Volk ohne Raumdeckung bleibt kopfschüttelnd an einem Rummenigge-Zitat über Hitzfelds Verhandlung mit der Schweiz hängen („Sollen wir uns irritieren lassen, dass mit einem Herrn Lämmli oder Schwämmli gesprochen wird?“) und macht sich Gedanken über Provinzialität und Mondänität: „Es gibt nur noch einen, der Hartmut Mehdorn den Titel ‚Manager des Jahres’ streitig machen kann. Karl-Heinz McRummenigge, der Mann der den FC Bayern zu einer Weltmarke hochsterilisieren möchte, und dabei einen unvergleichlichen Umgangston kultiviert hat. Insider berichten, die Angestellten des FC Bayern, vom sympathischen Jahrhunderttalent Lukas Podolski bis zum kurz vor dem Rückfall stehenden Magengeschwüroholiker Ottmar Hitzfeld, bezeichnen sich intern nur noch als Rummenigger, weil der Master of Insults and Injuries gar so gerne öffentlich und derb vom Leder zieht.

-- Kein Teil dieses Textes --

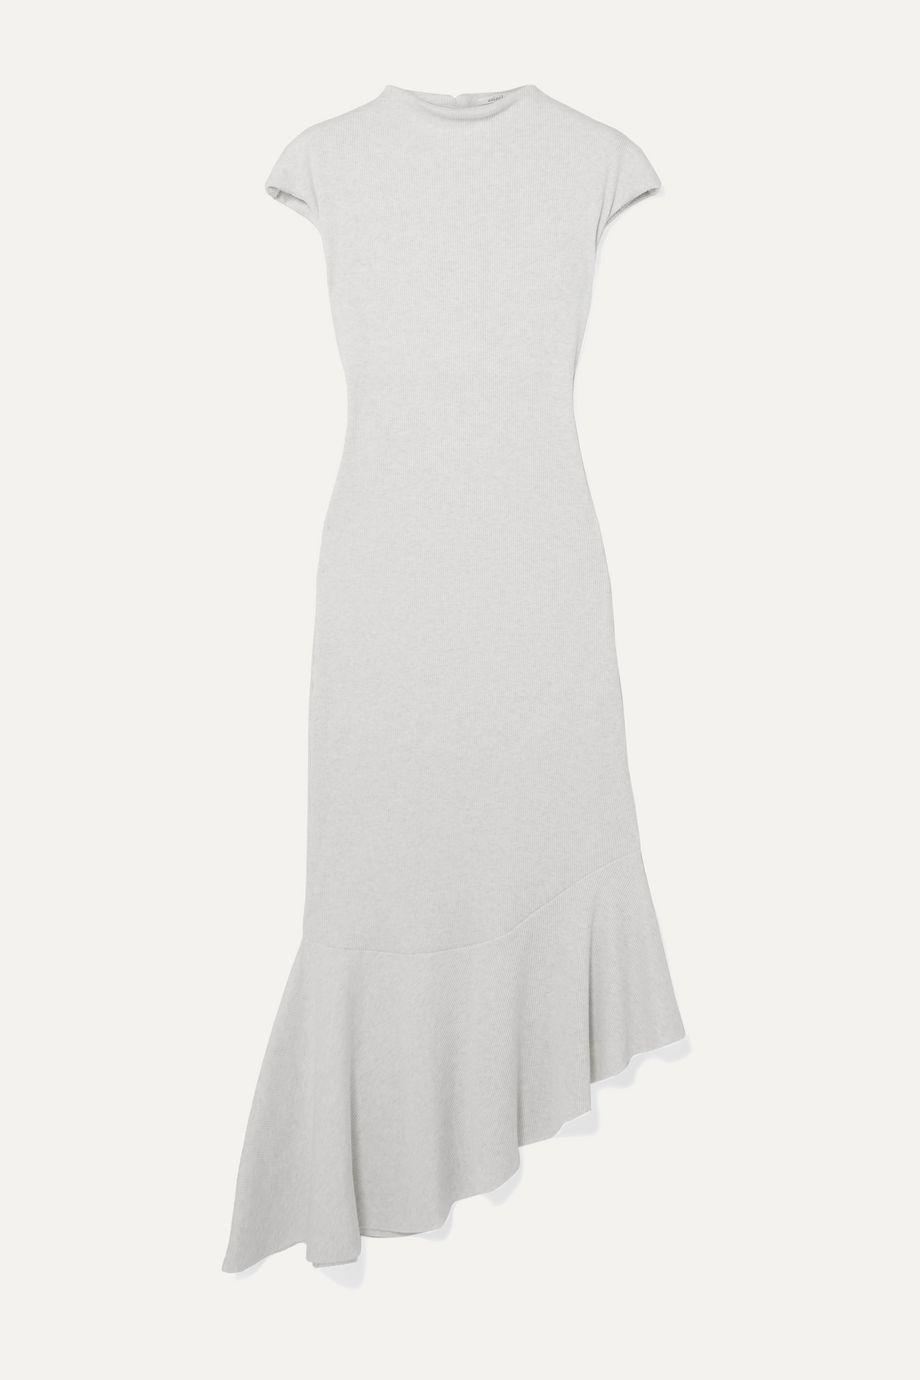 aaizél + NET SUSTAIN asymmetrisches Kleid aus geripptem Jersey aus einer Baumwoll-Modalmischung mit Volant

Irgendjemand muss ihm eingeflüstert haben, Management sei eine Spielart von Triumph des Willens, und ein paar kernig dahingebratzte Leitsprüche reichten aus, um alles wieder ins Lot zu bringen. Ballack schwächelt – McR ruft ihn in der Winterpause zum besten Fußballer Europas aus. Podolski neben der Spur – McR befiehlt ihm besser zu spielen. Vier von fünf Pflichtspiele ohne Sieg: ‚Ottmar ist nicht entmündigt.’ Da ist mir der beleidigte Leberwurstfabrikant Hoeneß noch viel lieber, in seinem authentischen bajuwarischen Bierzeltfuror. Eine Abteilung Attacke, die sich schon mal in den eigenen Arsch beißt, wenn dieser aufmüpfig wird. Wäre es möglich, dass Beckenbauer nur deshalb als Lichtgestalt rüberkommt, weil er in unmittelbarer Nähe dieser Haudraufis unwillkürlich Weltmännischkeit ausstrahlt?“

Wir haben heute morgen mal nachgeschaut – nur zu Ihrer Information: Google und Ebay gibt es noch. Man musste sich ja schon Gedanken machen nach den erratischen Anspielungen aus der Zentrale der Weltmacht an der Säbener Straße.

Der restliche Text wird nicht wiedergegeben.